## Task prompt
Scan the records below for the line with "Package delivery network" and the line with "1909-11 T206 Ty". Repeat those two lines and every line between them exactly, and nothing else.

Stored records:

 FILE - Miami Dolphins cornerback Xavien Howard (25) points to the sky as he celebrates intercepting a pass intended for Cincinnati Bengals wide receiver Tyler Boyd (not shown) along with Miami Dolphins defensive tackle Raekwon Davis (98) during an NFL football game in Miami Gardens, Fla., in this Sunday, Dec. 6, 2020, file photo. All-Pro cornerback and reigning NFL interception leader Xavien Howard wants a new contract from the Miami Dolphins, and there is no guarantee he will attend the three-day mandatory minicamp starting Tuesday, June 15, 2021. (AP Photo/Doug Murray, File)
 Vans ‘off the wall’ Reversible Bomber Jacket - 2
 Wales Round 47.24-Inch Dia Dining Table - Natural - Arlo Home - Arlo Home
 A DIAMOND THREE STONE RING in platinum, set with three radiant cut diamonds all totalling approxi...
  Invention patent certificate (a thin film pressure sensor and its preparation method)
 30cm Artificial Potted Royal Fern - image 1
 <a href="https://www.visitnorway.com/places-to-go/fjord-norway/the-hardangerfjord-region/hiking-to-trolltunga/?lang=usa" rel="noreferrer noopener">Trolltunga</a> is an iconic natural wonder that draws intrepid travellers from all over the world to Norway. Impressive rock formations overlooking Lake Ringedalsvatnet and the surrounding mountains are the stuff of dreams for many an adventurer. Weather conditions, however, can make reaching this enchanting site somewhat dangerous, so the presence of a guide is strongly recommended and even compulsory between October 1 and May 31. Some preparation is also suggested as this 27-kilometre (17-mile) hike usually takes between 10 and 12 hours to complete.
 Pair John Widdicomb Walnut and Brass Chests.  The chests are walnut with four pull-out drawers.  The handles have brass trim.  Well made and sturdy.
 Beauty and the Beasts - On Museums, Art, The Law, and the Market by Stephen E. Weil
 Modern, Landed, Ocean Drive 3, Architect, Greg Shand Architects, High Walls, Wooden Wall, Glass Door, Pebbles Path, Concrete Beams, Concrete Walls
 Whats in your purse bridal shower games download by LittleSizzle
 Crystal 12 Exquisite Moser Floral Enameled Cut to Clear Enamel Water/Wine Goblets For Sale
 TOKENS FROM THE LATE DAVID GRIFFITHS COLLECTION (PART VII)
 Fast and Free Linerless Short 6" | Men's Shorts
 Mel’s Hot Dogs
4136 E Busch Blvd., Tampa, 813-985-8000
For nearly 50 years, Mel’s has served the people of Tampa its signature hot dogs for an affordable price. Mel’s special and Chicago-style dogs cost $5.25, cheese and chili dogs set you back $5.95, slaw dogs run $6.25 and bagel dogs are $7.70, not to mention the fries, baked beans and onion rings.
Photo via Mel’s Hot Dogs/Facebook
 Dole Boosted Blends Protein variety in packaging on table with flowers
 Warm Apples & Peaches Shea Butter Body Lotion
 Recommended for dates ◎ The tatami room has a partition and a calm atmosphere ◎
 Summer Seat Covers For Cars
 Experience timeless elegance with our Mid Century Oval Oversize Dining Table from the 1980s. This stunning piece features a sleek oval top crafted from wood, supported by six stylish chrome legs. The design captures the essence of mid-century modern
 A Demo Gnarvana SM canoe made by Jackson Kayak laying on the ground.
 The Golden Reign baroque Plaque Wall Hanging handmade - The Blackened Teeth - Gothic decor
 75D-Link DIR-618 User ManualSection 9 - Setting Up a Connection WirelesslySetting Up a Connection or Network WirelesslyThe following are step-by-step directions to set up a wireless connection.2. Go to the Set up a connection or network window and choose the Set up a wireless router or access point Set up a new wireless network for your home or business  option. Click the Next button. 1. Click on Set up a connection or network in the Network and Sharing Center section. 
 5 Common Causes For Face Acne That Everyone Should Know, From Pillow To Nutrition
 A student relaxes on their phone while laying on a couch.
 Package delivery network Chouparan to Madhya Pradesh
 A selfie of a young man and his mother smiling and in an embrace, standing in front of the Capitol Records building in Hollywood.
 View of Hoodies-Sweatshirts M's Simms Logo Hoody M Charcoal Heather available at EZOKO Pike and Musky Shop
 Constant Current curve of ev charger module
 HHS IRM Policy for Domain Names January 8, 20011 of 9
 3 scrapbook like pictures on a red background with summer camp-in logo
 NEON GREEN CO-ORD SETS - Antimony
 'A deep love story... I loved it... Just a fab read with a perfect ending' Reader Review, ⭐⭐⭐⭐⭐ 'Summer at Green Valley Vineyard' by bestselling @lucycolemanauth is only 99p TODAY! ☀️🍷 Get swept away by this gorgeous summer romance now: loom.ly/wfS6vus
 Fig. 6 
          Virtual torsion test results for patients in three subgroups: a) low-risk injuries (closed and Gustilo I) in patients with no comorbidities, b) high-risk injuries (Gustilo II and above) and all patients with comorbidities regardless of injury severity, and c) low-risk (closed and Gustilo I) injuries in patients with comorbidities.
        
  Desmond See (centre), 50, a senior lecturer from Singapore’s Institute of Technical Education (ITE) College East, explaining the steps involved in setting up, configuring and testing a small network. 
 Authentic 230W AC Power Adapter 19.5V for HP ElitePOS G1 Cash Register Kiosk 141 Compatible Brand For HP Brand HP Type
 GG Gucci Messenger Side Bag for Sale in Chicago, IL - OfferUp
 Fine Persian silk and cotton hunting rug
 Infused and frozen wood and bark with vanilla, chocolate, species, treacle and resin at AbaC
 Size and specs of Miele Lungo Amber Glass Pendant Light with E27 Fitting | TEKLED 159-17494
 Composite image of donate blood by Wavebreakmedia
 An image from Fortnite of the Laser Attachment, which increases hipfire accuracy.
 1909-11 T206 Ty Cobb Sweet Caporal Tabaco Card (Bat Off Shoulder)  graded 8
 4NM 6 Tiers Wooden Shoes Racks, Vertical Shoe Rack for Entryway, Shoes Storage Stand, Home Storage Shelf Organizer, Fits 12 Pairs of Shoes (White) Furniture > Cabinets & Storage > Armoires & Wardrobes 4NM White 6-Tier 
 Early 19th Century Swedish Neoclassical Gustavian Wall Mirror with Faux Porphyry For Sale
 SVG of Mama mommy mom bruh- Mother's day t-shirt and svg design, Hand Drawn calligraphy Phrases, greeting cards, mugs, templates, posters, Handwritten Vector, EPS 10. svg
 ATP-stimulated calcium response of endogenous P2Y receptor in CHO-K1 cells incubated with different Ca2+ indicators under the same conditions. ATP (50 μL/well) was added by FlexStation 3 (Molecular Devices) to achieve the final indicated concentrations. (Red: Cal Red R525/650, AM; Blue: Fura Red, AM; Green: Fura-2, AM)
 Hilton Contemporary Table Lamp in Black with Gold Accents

## Written answer
 Package delivery network Chouparan to Madhya Pradesh
 A selfie of a young man and his mother smiling and in an embrace, standing in front of the Capitol Records building in Hollywood.
 View of Hoodies-Sweatshirts M's Simms Logo Hoody M Charcoal Heather available at EZOKO Pike and Musky Shop
 Constant Current curve of ev charger module
 HHS IRM Policy for Domain Names January 8, 20011 of 9
 3 scrapbook like pictures on a red background with summer camp-in logo
 NEON GREEN CO-ORD SETS - Antimony
 'A deep love story... I loved it... Just a fab read with a perfect ending' Reader Review, ⭐⭐⭐⭐⭐ 'Summer at Green Valley Vineyard' by bestselling @lucycolemanauth is only 99p TODAY! ☀️🍷 Get swept away by this gorgeous summer romance now: loom.ly/wfS6vus
 Fig. 6 
          Virtual torsion test results for patients in three subgroups: a) low-risk injuries (closed and Gustilo I) in patients with no comorbidities, b) high-risk injuries (Gustilo II and above) and all patients with comorbidities regardless of injury severity, and c) low-risk (closed and Gustilo I) injuries in patients with comorbidities.
        
  Desmond See (centre), 50, a senior lecturer from Singapore’s Institute of Technical Education (ITE) College East, explaining the steps involved in setting up, configuring and testing a small network. 
 Authentic 230W AC Power Adapter 19.5V for HP ElitePOS G1 Cash Register Kiosk 141 Compatible Brand For HP Brand HP Type
 GG Gucci Messenger Side Bag for Sale in Chicago, IL - OfferUp
 Fine Persian silk and cotton hunting rug
 Infused and frozen wood and bark with vanilla, chocolate, species, treacle and resin at AbaC
 Size and specs of Miele Lungo Amber Glass Pendant Light with E27 Fitting | TEKLED 159-17494
 Composite image of donate blood by Wavebreakmedia
 An image from Fortnite of the Laser Attachment, which increases hipfire accuracy.
 1909-11 T206 Ty Cobb Sweet Caporal Tabaco Card (Bat Off Shoulder)  graded 8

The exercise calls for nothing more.